Although they are very interesting from the point of view of textual theory, document grammars were introduced in SGML and retained in XML not for theoretical but for pragmatic reasons. They prove useful in routine quality assurance, because they make it possible to find and clean up dirty data — they cannot find all dirty data, since there are classes of error which cannot be detected conveniently or at all using a formal grammar, but formally checkable document grammars make it possible to detect mechanically whole classes of typographic error or data corruption in transmission which would otherwise require expensive manual proofreading. ISO 8879 distinguishes explicitly between the set of rules governing the application of markup to a particular document type, and the formally checkable expression of some of those rules. Formal rules can typically capture only part of the expectations we may have in building a particular application, but every rule we can capture formally is a rule which can be checked without human intervention.

Document grammars can be used to document agreements between data providers and data consumers, or to describe the contents of data flows. And in some cases they can be and have been used to specify the allowable contents of messages in client/server protocols.

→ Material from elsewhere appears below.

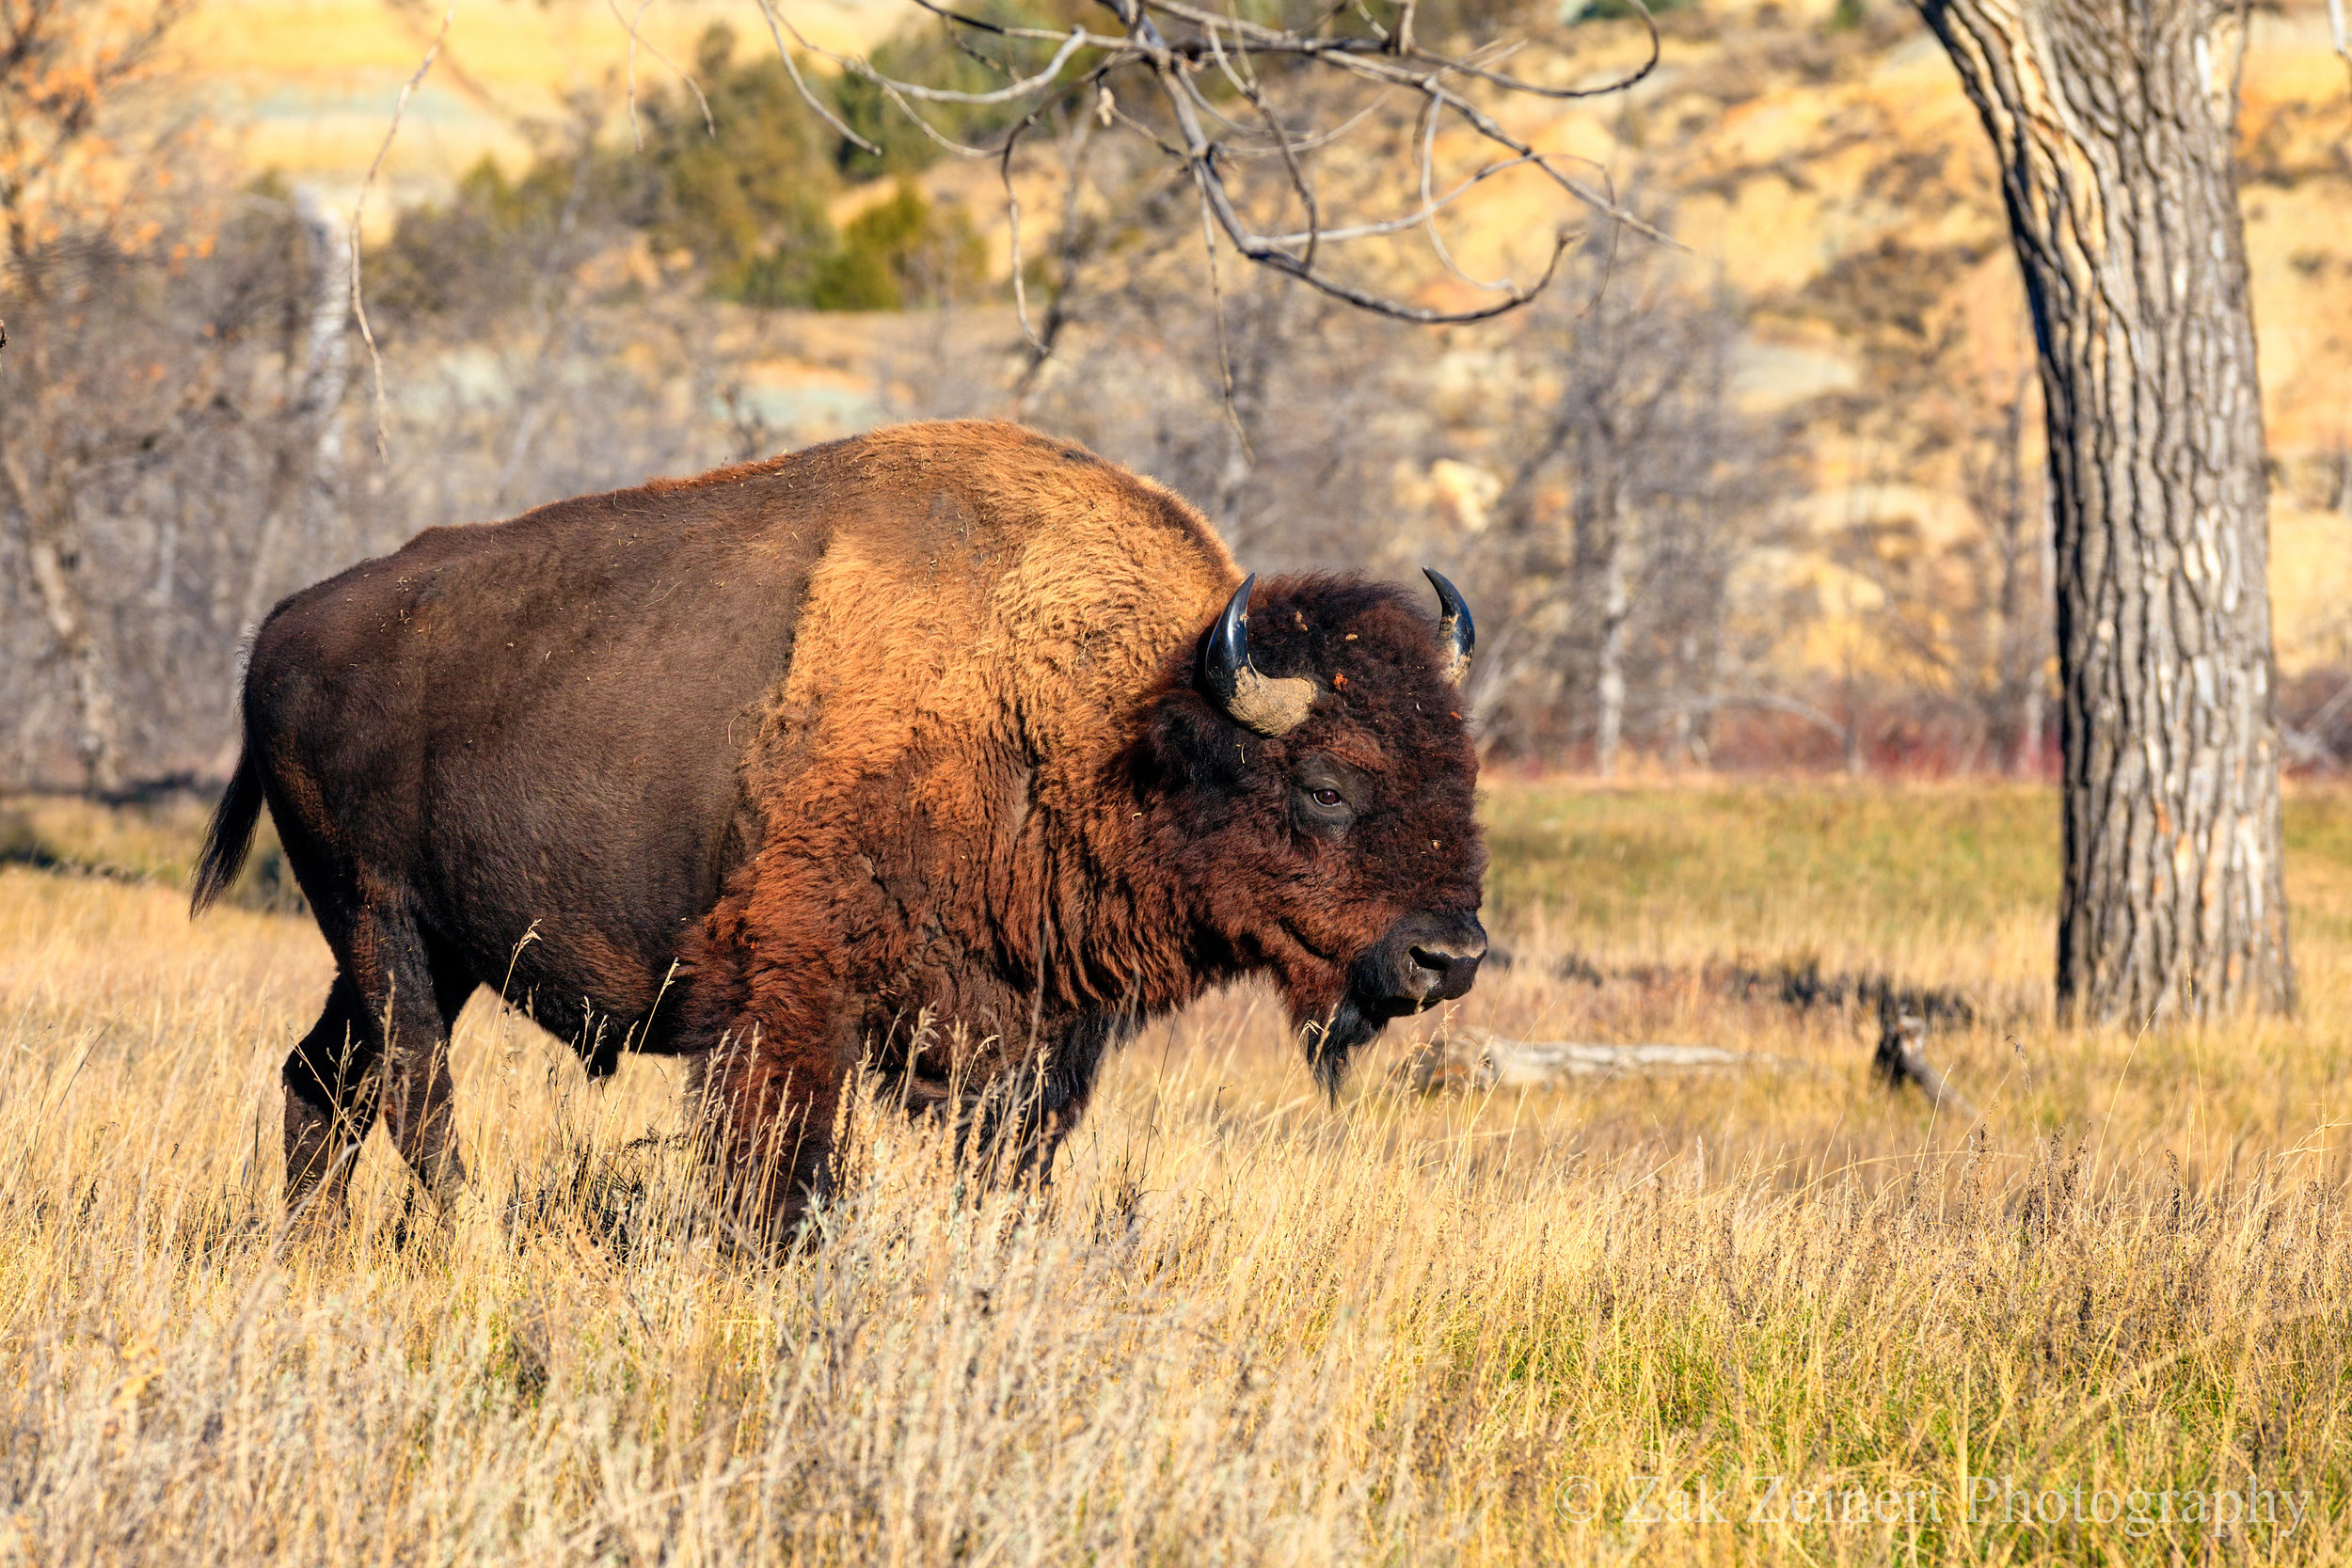 A buffalo wanders through my camp at Juniper Campground

2. DTDs as document grammars

As an example of DTD notation, consider the DTD equivalents of some of the purchase-order rules given above in context-free form:

<!ENTITY % address "(name, street, city, state, zip)" >
<!ELEMENT purchaseOrder (shipTo, billTo, comment, items) >
<!ELEMENT shipTo        (%address;) >
<!ELEMENT billTo        (%address;) >
<!ELEMENT name          (#PCDATA) >
<!ELEMENT street        (#PCDATA) >
<!ELEMENT city          (#PCDATA) >
<!ELEMENT state         (#PCDATA) >
<!ELEMENT zip           (#PCDATA) >
<!ELEMENT items         (item+) >

XML DTDs are often described as analogous to grammars in Backus-Naur Form, the conventional notation for representing context-free grammar. Formally, however, DTDs differ from BNF in several ways.

  • First of all, XML DTDs allow regular-expression notation in content models (the right-hand sides of rules in a DTD), which is a great convenience. Consider for example the definition of items, which is somewhat more compact and easier to understand than the BNF equivalent given earlier.

  • Second, XML DTDs are strictly less powerful than context-free grammars; instead, they resemble a subset of context-free languages known as ’bracketed‘ languages.

  • Third, XML DTDs are intentionally restricted to languages which can be recognized without look-ahead; this rule, inherited from SGML, goes by a variety of names. The SGML specification specifies that content models must be “unambiguous”, although its definition of “ambiguity” is somewhat broader than usual in computing. To avoid misusing the term ambiguity, the XML specification introduced the term determinism. Owing to an editorial confusion, meanwhile, the XML Schema specification uses a third term (“unique particle attribution”) for the same concept.

  • Finally, XML DTDs do more than provide an account of the legal structure of XML documents: they also provide for the declaration of entities and notations. This has often been identified as a weakness in DTDs, both for theoretical reasons (it is a mixing of unrelated concerns) and for practical reasons (the entities declared in documents often depend more on the individual document than on its document type, and they have different patterns of maintenance and revision).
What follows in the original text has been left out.